Let me go on blog-record here saying that I'm basically neutral on the issue of Scottish independence, and that my vote is for sale to the highest bidder. Thus far, I've been offered and declined "some magic beans", and also "a stiff kick in the balls", neither of which met my reserve price of £20.
I can't say I have much sympathy with either of the campaigns, to be frank. The Yessers are a bunch of blithe gobshites who would, I suspect, promise every man in the country a bigger dick and a Lexus full of cocaine if there were a few votes in it.
Meanwhile, the pro-union camp have battered us with one of the all-time fearmongering panics - a relentless campaign of screeching terror of such pitch and intensity that it's a wonder the nation's children manage to sleep a wink. They've done everything bar kidnap our pets and email us pictures of themselves pointing guns at our cats' heads, with the words
Vote no, or the kitty gets it written underneath in 72-point gothic script.
Since this annoying, formless cynicism is pretty much my usual stance on issues that don't rile me up, I thought I'd be well-placed to make a few observations without attracting too many accusations of partisanship, and so...
- Contrary to all the hoo-hah, I thought David Cameron's speech today probably went down well with the target audience, because the target audience wasn't undecided Scottish voters - it was other Tories and unionist types throughout the land.
Dave's many things, but he's not a
daftie. He knows full well that anything he has to say about the referendum will hit a Scottish ear like a the fat end of a glass Irn-Bru bottle, so he's making no attempt to sway us. His objective here is to make a good stab at Standing Tall For Britain or whatever, the better to reassure people who give a vague shit whether an abstract political entity endures for eternity or morphs into something different. And it wasn't too bad an attempt, although it certainly bored the hell out of me.
And Cameron's in an invidious position here. The referendum could well consign him to history as Britain's most beshitted and clownish politician, the PM who was in office when the United Kingdom of Great Britain and Northern Ireland turned up its toes... And by far his best chance of avoiding it is to shut his yap and let someone else bang the gong for Britain.
All of which means you can take Alex Salmond's yappy Scrappy-Doo impersonation -
Lemme at him, lemme at him! - with a pinch of salt. Home advantage would make Dave vs Alex on independence a bit like a fight to the death between Dot Cotton and one of those giant monster-swatting machines from
Pacific Rim.
Anecdata time now, since I'm seeing interesting trends emerging among friends and work colleagues:
- Pro-union folk I know seem to have a disproportionately-sized stick up their arses about the stupidity and gullibility of the electorate. Almost all of them, prompted on the possible outcome of the referendum, will shake their heads and say,
Well, folk are going to vote on this based on gut feelings and horseshit, without considering the REAL issues.
To which I can only respond
- so you mean,
like they do in a General Election, then?

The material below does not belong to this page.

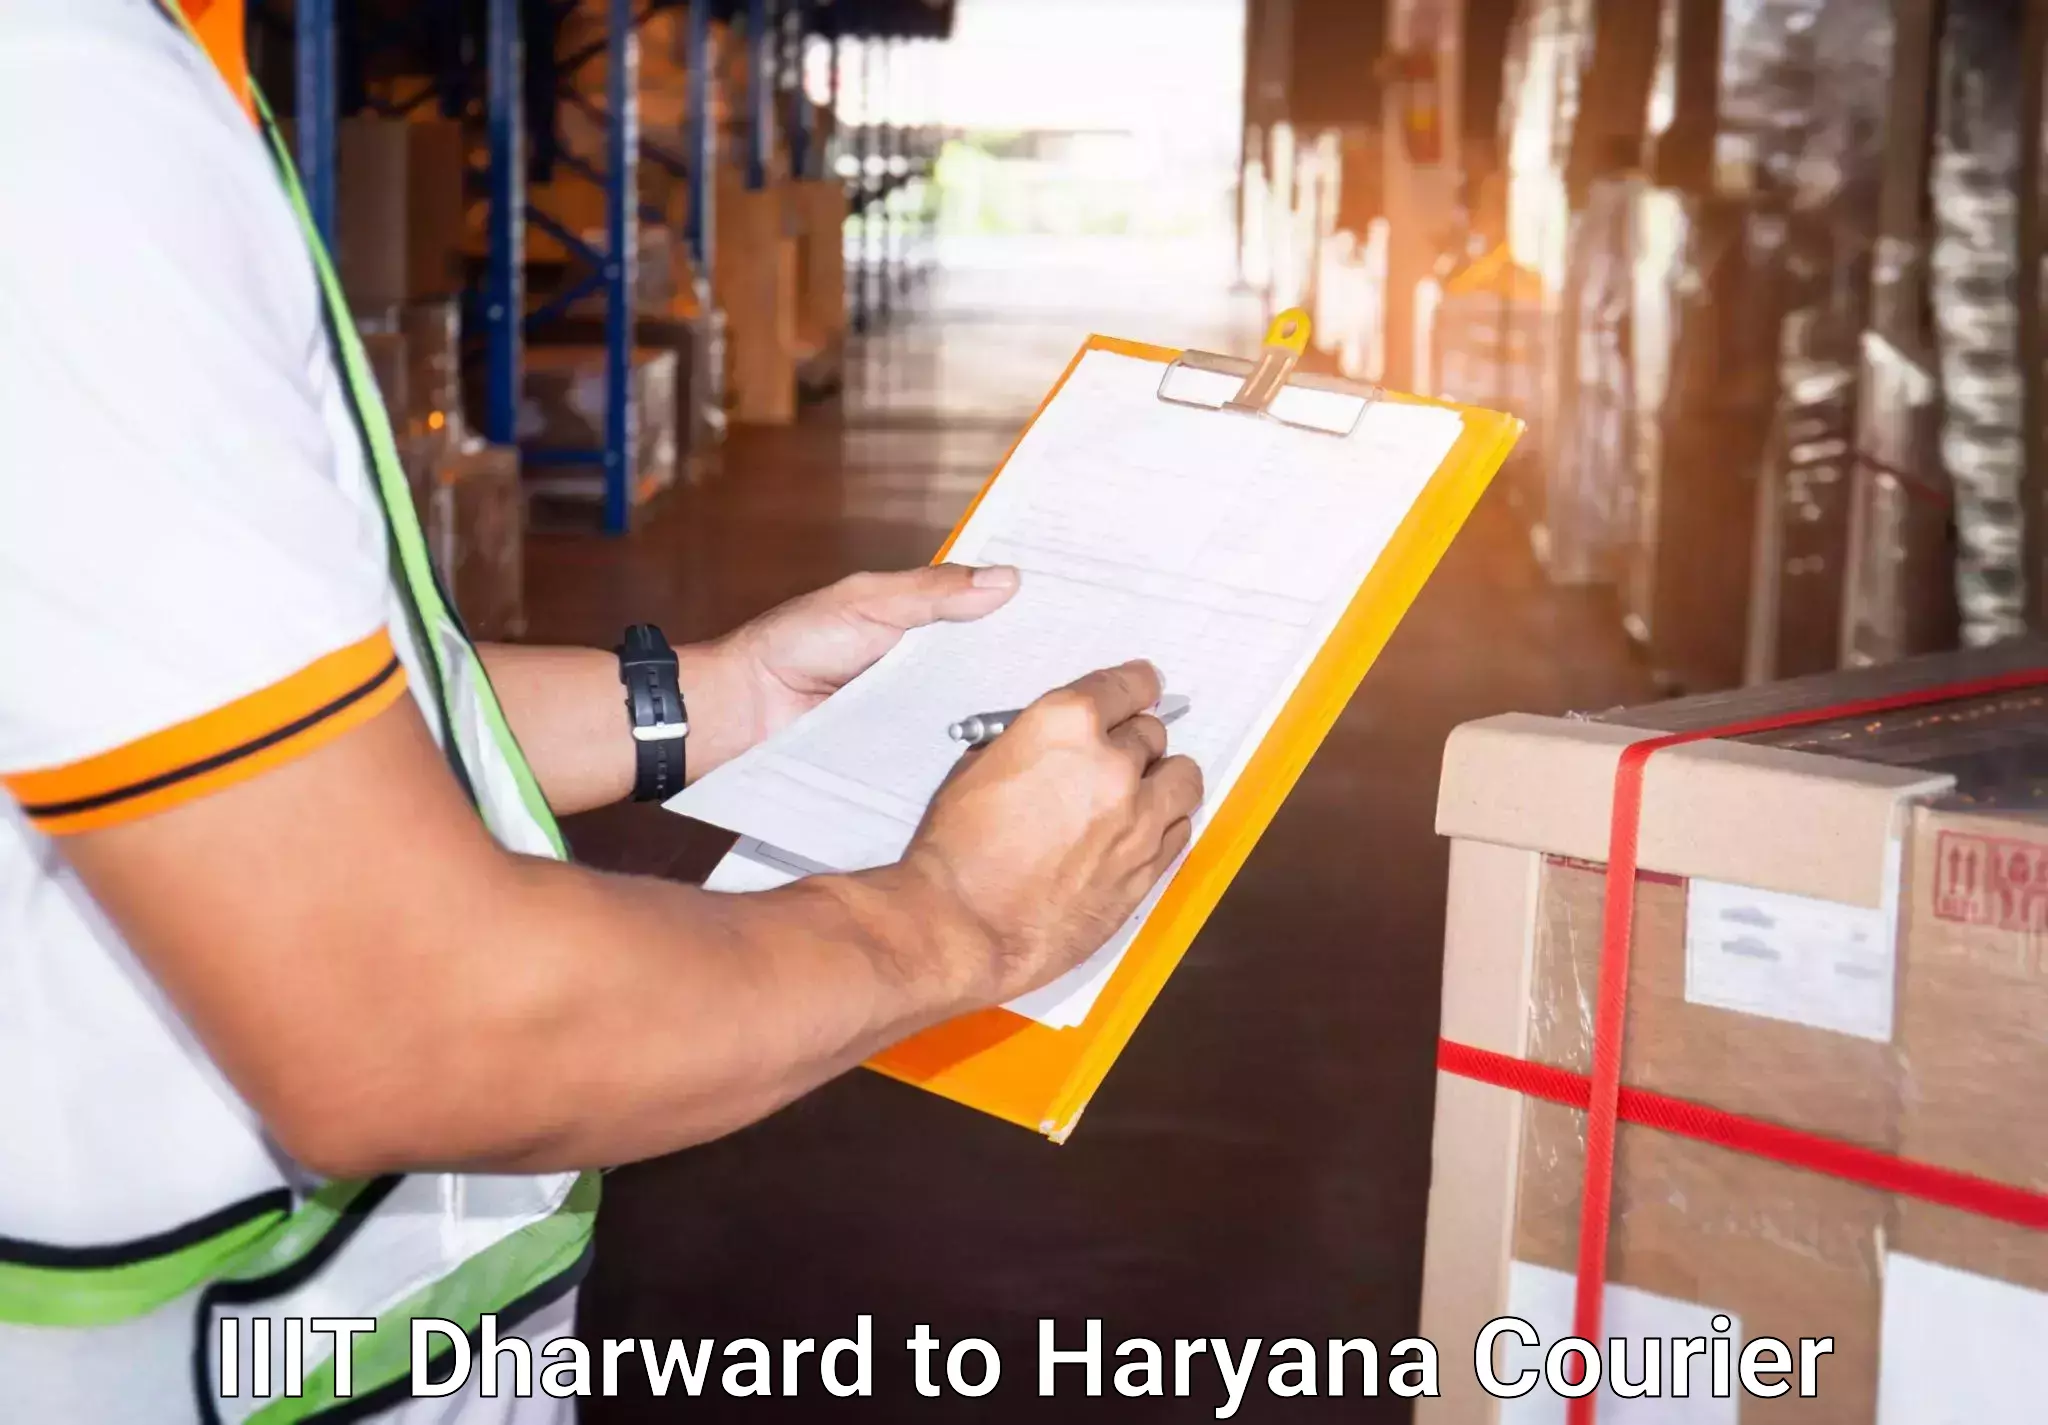 Same day luggage service IIIT Dharward to Bilaspur Haryana

I mean, what is a UK parliamentary election if not a slickly-choreographed rerun of
Braveheart, with all of us cast as Scots at Bannockburn, fending off an insuperable army of dole-scroungers, criminals and grasping foreigners?

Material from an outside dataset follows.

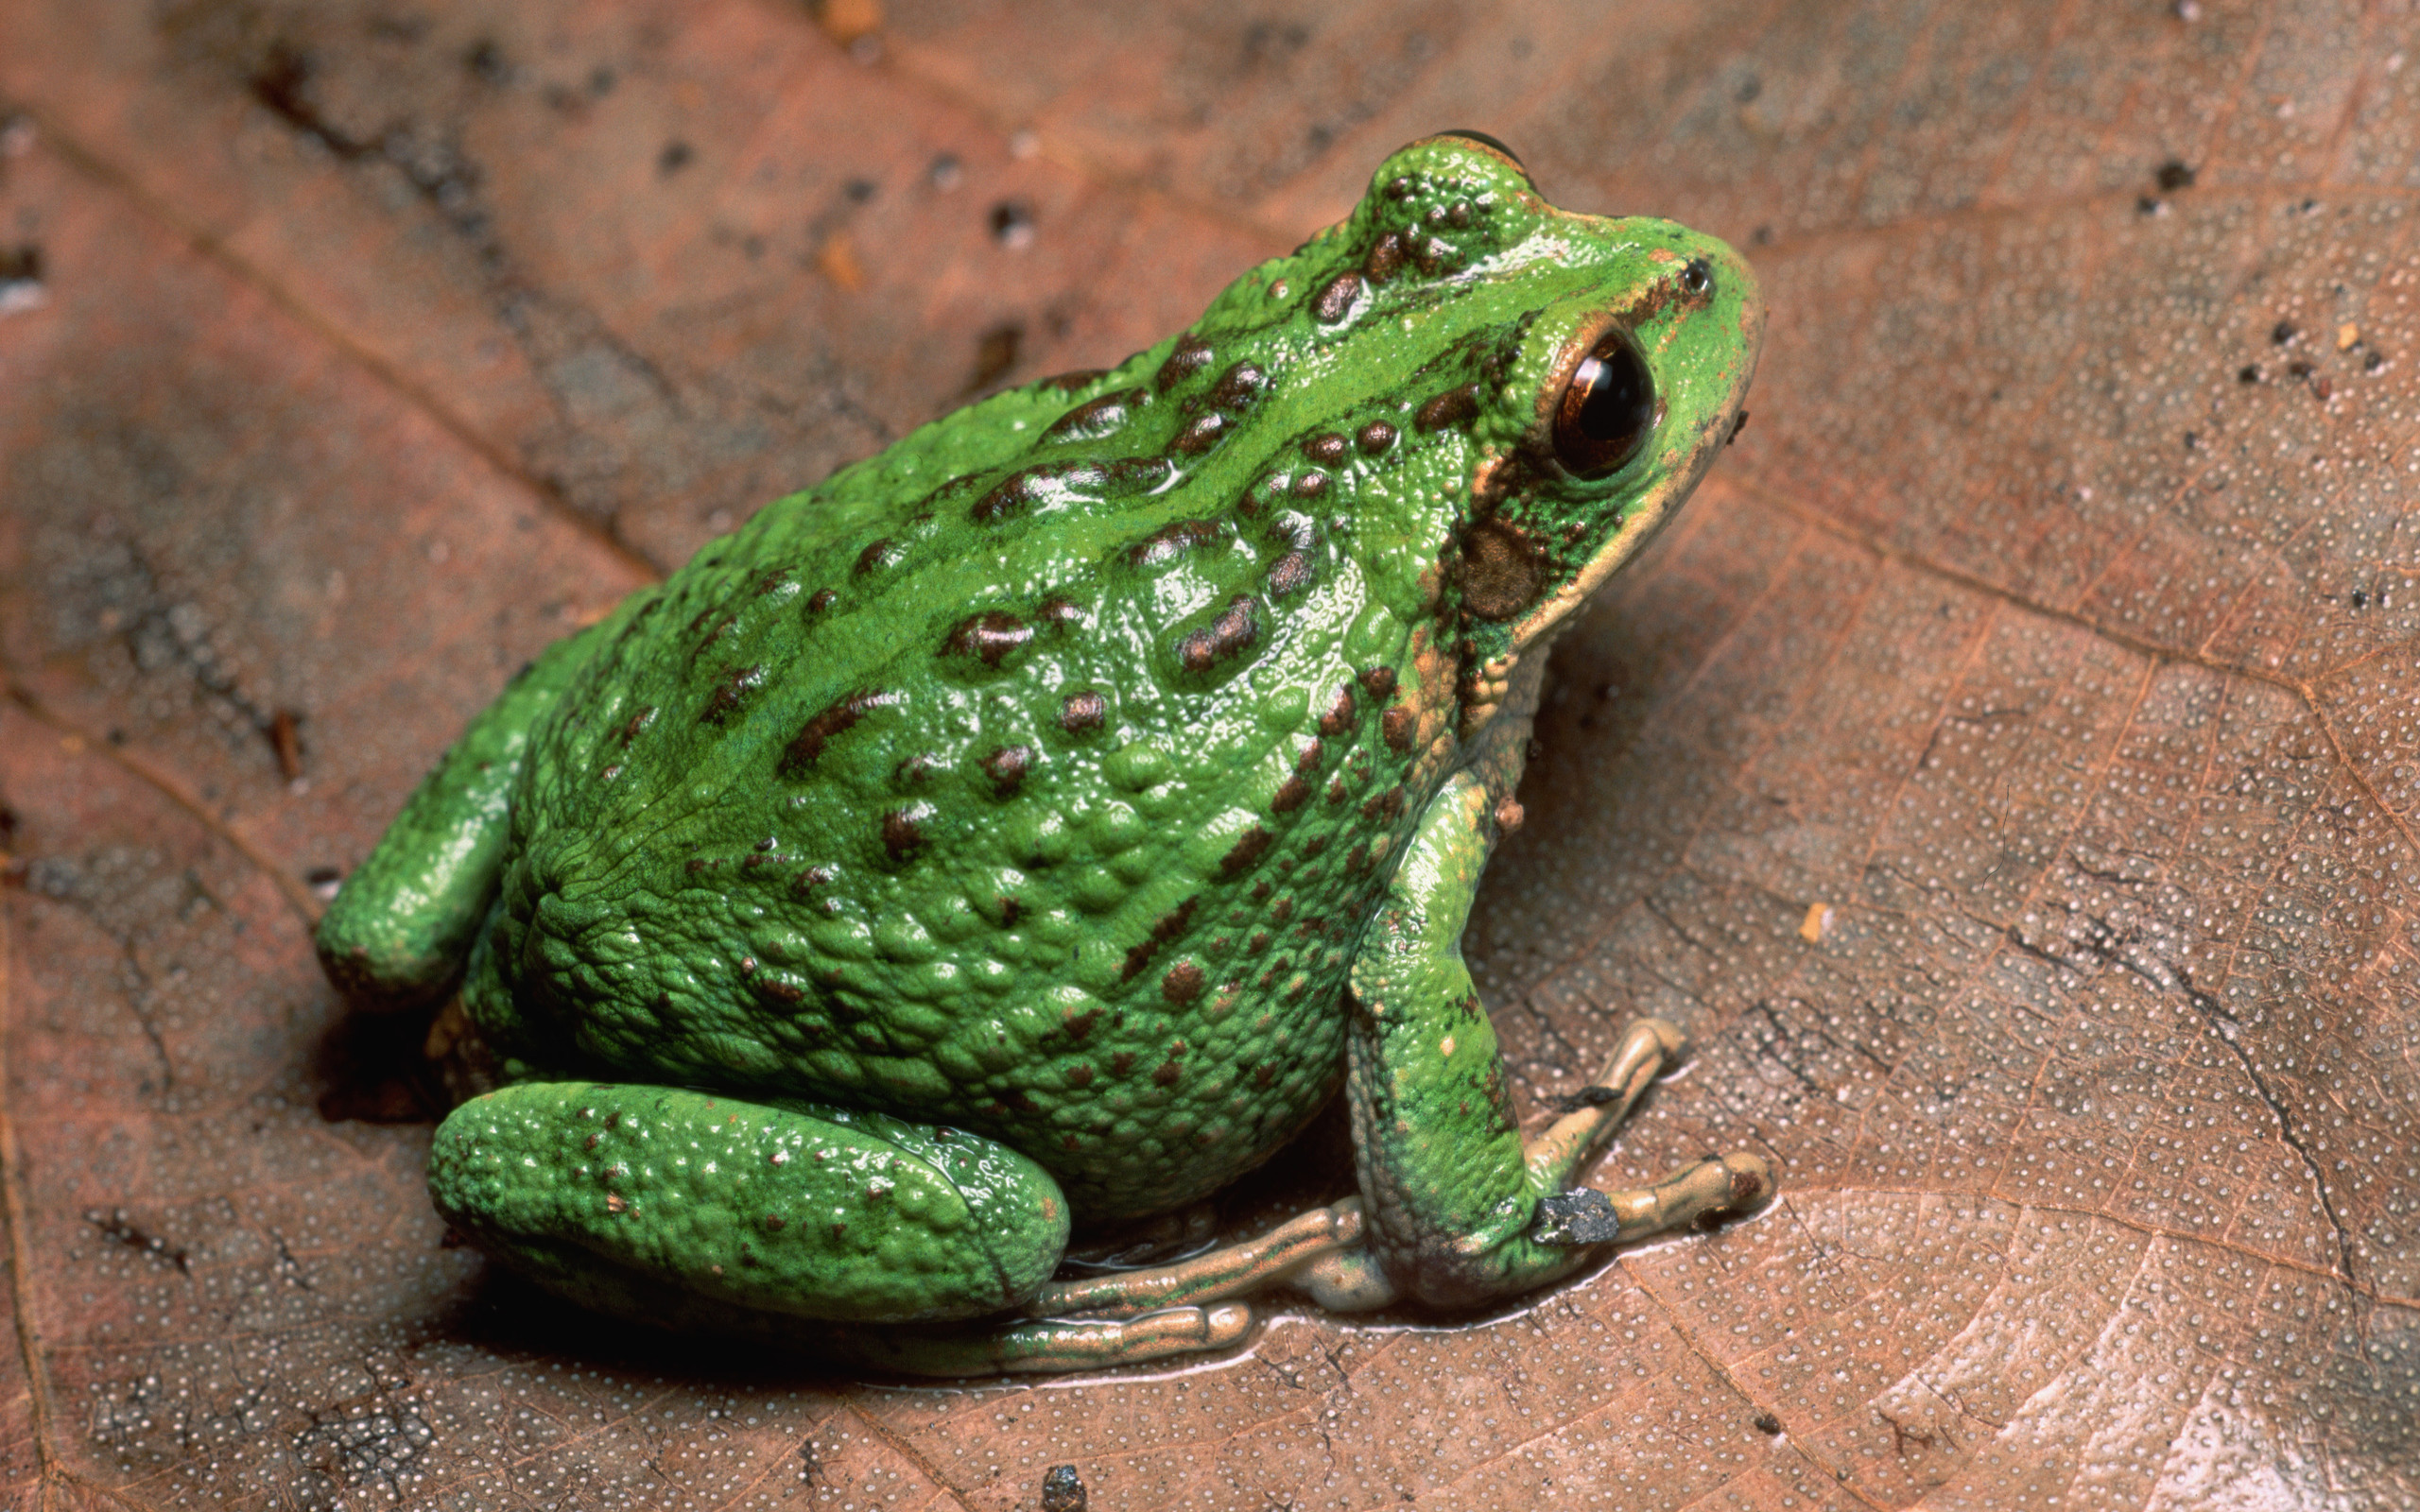 Andean Marsupial Tree Frog

If our referendum is going to be a retarded display of flag-sucking, belligerent idiocy, then I have to point out that it'll still be vastly more edifying than the average election for the European Parliament.

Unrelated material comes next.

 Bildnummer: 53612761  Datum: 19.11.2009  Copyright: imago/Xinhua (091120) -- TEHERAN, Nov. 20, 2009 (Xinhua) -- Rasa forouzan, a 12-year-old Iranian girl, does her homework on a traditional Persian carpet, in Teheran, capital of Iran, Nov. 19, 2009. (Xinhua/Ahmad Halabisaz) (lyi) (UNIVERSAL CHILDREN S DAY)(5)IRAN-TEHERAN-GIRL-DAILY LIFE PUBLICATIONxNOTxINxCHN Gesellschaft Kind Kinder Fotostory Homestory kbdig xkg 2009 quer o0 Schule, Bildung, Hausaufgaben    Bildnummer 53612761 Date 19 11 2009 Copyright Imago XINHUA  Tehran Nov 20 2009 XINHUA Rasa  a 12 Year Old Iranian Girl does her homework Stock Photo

But this exposes a truth - that large sections of the Scottish middle class and the upwardly-mobile types from the one below have always had a bit of a nasty, snotty streak about working class folk, who appear in these speculations as a wholly undifferentiated army of orcish, Buckie-swilling Neds.
In reality, if the Yes vote is more popular with working class people - and it is - then that's probably down to the fact that they have fewer Audis or nice detached houses in Milngavie to fret over.
- And kudos to Scotland's amateur Nationalists, who seem to have got their
Immediately calling everyone who disagrees with them a traitorous Quisling problem under control, at least during daylight hours.
This has long been a problem for the tartan biscuit-tin crowd, who have a tendency to treat disagreement like a minor variant on the Dolchstosslegende, but all credit - they do seem to have chilled out on this front.
Until they get onto the internet, of course, or until they get all pissed up and raging. Add either anonymity or alcohol to the mix, and they're still conjuring the wailing shades of bayonetted Highlanders to guilt-trip you into submission faster than you can say
Barnett Formula.
-
Well, I'll leave it there for now. Next time, I may well focus on how skillfully the SNP have played the hand that they were dealt in the 2007 election, and how they managed to transform independence from the minority interest of a bunch of astoundingly dull, sheep-worrying hillbillies*, into a highly successful and vibrant movement within mainstream Scottish politics. But with cursing and sexual imagery.
*Edit to add: I'm aware that this isn't an accurate summary of the history of Scottish nationalism, which has long tended more towards urban or transplanted-urban intellectualism. Nonetheless, generalisations like this tend to annoy people greatly, and I'm very much in favour of that, especially when the annoyed people have an indestructable majority in our parliament.